Starting point is 01:56:35 And I found it through breathwork. Yeah. I, I, I found it through breathwork and, and based on my understanding of history, which let's be very clear. History is one of the most important things we have. It is very important and it's very important to understand it. And that this has had profound effects, this profound of an effect. If this is coming across profound for more than 5,000 years, we just weren't listening in the capacity that I think people are finally starting or
Starting point is 01:57:05 we're creating a language that people can really start to listen. And hopefully, hopefully those that are in the professional communities such as yourself are, and you are, but you talk about psychiatry, right? Like this is such a closed off society to a large degree to things that are so impactful like this and the like this is we've got an anxiety epidemic do we maybe this is just the absolute natural response to something that we're not actually learning to deal with from a physiological level and oh like why can't that be a conversation? Why can't we start looking at that? And like, why, like Rob brought up a beautiful point yesterday about, uh, this was
Starting point is 01:57:53 a conversation last night about, Hey, we're starting to look at therapy and stuff like almost like periodized strength and conditioning programs. This is what we've been doing for 20 years. Yeah. Small doses. Let's dose, let's build upon the physiology that's been dealing with this psychometabolic reactivity. Boom. It doesn't mean you need to go back squat. It means like, Hey, let's whatever you want to do and choose to do. We can implement breath control, something that's been implemented in yoga. We breathe into a position. We breathe out of a position we follow the breath as you said at the start how you breathe is how you move but doom that's it
Starting point is 01:58:31 well brian i think that's a pretty good place to wrap this thing up um i have really really enjoyed this conversation it got pretty deep there but hey that's why i like these long conversations because what i do hey no it's good It's good. It's a lot of fun. Two final quick questions. First one is, what does Brian McKenzie do in terms of breathwork on any given day? How much time do you spend on this? Anywhere from a minute or two, like in the morning, to what I might consider my entire day. Now, I don't just sit in Lotus and breathe.
Starting point is 01:59:07 Granted that may start my day. A lot of the days. Yeah. I mean, like this morning I was doing alternating nostril where I just literally jumped into it as Rob and I were sitting in, in the front room watching grappling. You know, we were watching the adcc and i literally just started to and i was like oh yeah i need to start i need to get my breath practice going this morning and i just started moving some air and just started feeling where i was at and like how much i might be able to handle today but it's something you will do on pretty much every day oh it's every day every day every day in some capacity i'm doing that now i may not just do that in a seated way but i will do something like sun salutations you know um like
Starting point is 01:59:52 a small movement practice in the morning then i'll move into an actual training whether i'm getting on a bike or whether i'm going into the gym or whether i'm going to jujitsu and even at jujitsu i am breath control i'm letting my breath dictate what it is i'm doing i'm not in a place quite yet with my jujitsu where i allow myself to step out of that right there will be a point i'm just still in big learning phase but that's empowering even one or two minutes in the morning for people to start the day i think that oh that people listening to this that is achievable if someone thinking, when are we going to find time? Just start there. Right. Yeah. Yeah. It's discipline. Unfortunately, it's discipline and consistency in the beginning. And then it should be freedom.

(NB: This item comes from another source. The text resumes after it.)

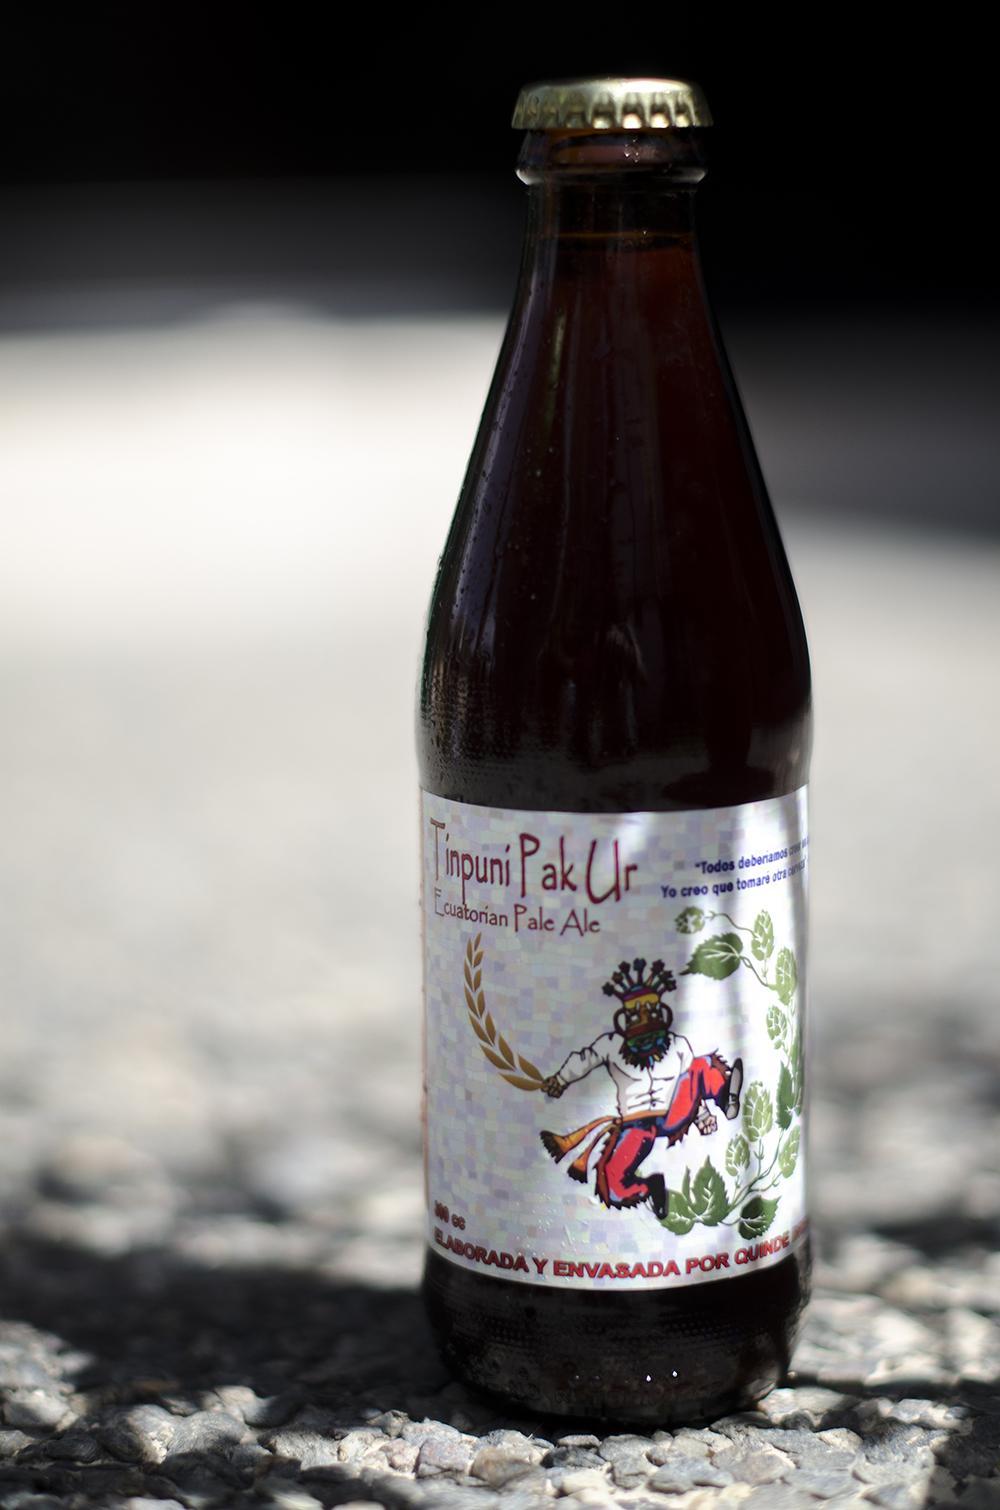 Quinde Brewery  - Tinpuni Pak Ur  Red Ale Horchata  6,1%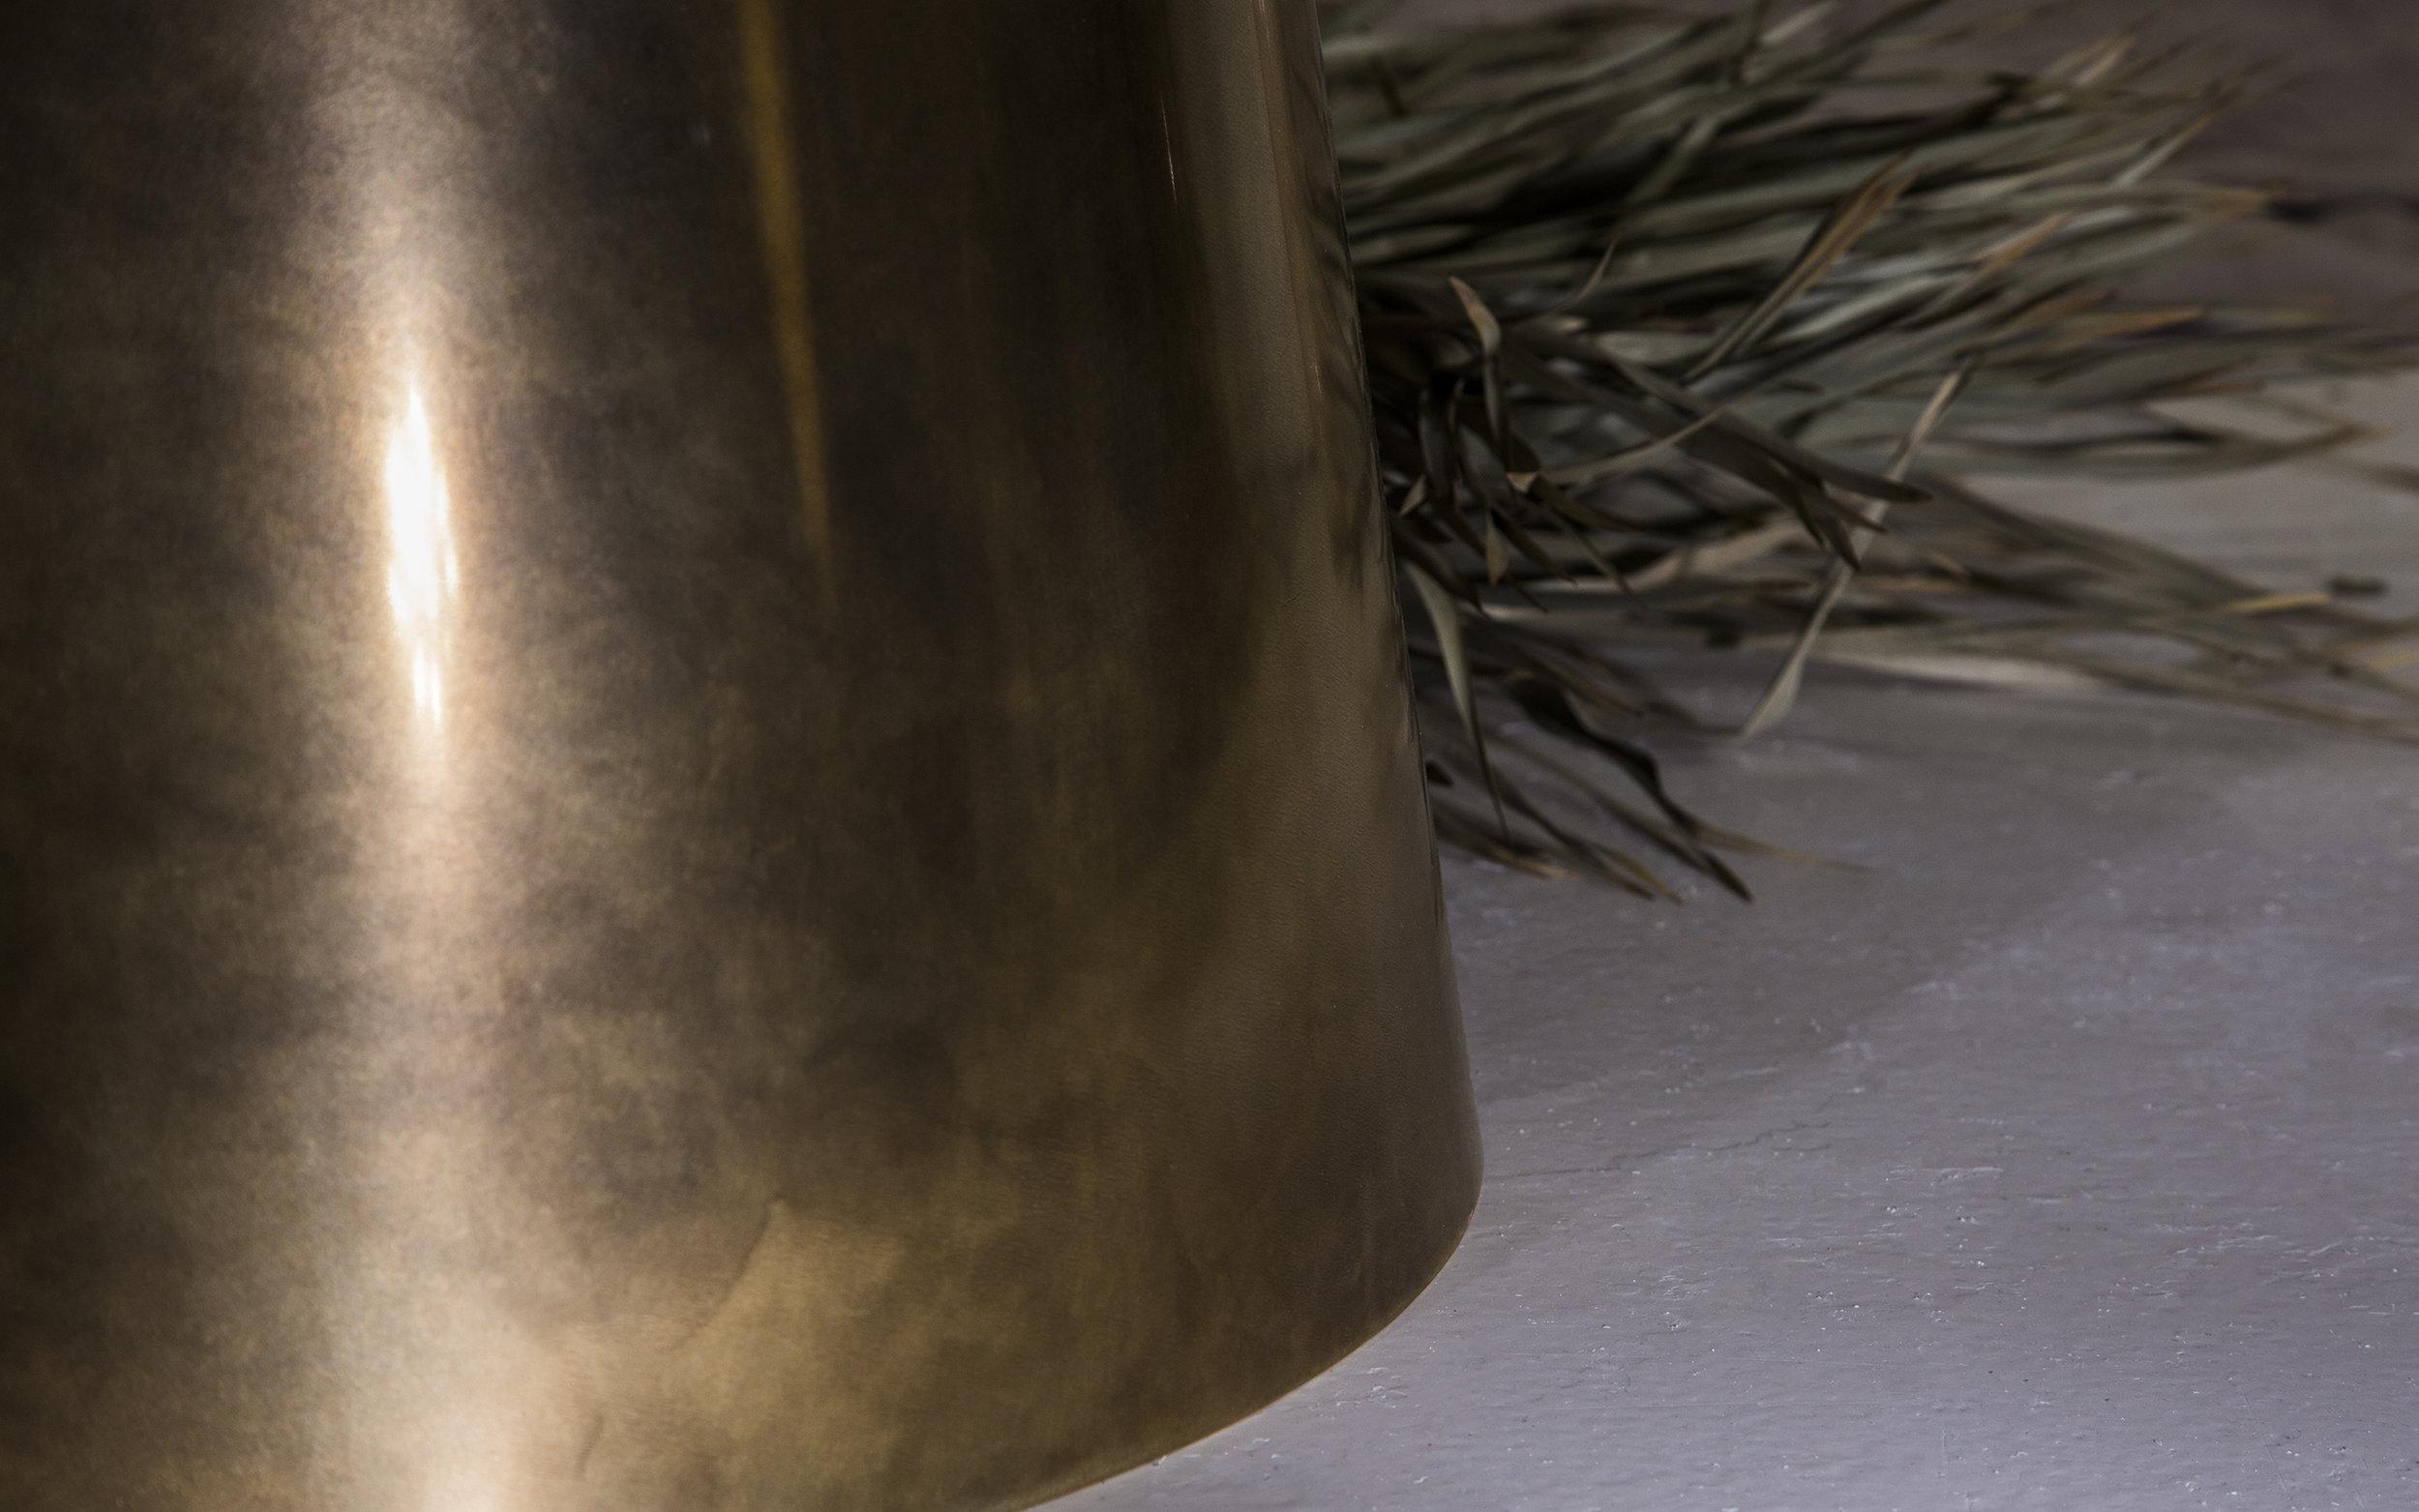 NOVOCASTRIAN_Stanhope Brass 4_WEB.jpg

Starting point is 02:00:34 Like, oh, I know I want to do this. Right. Then just don't, you know, like, let's not do this. Like after some time, like give it a few months doing something. Understand that thing, right? Then venture out into something new and do that and learn from that and then come around, you know? There's so many different methods and things out there on breathing and ideas. And that's essentially what the app, what the state app does, right? And so that app actually has all different breathing patterns in it so that people actually feel the difference between these things.
Starting point is 02:01:10 Final question, Brian. Yeah. This podcast is called Feel Better, Live More. It's fairly obvious why I genuinely have seen time and time again when people feel better in themselves, they get more out of their life. And what I'd love you to leave my listeners with are some of your top actionable tips, things that people can hear from you that they can actually apply into their own life immediately to start improving the way that they feel. I'm sure some
Starting point is 02:01:39 of them we would have already covered, but just as a kind of inspirational piece right at the end, either breath related or non-breath related or a bit of both, what are some of your top tips for people to live their best lives? Try, I would say if you can get to the point where you take nothing personally, work towards that, work towards that because there is nothing personal and that's going on. This is all just an exacerbation of other people's internal workings. You know, we judge,
Starting point is 02:02:14 you know, we, we judge ourselves by what we, what's going on internally, you know, but we judge everybody else by their actions and intentions. And so thinking that it's a personal thing against, you just don't know the framework of everything. And so thinking that it's a personal thing against, you just don't know the framework of everything. And I, so that's something I literally have to work on every day. Like I'm like, this isn't personal. This isn't personal. Right. So I think that's huge. Right. I think having a breath practice is probably the most fundamental thing you can do for yourself. I don't think there's anything more fundamental. I think nutrition follows that to some degree. I said, don't get hung up in nutrition. I I'm not saying that's the third.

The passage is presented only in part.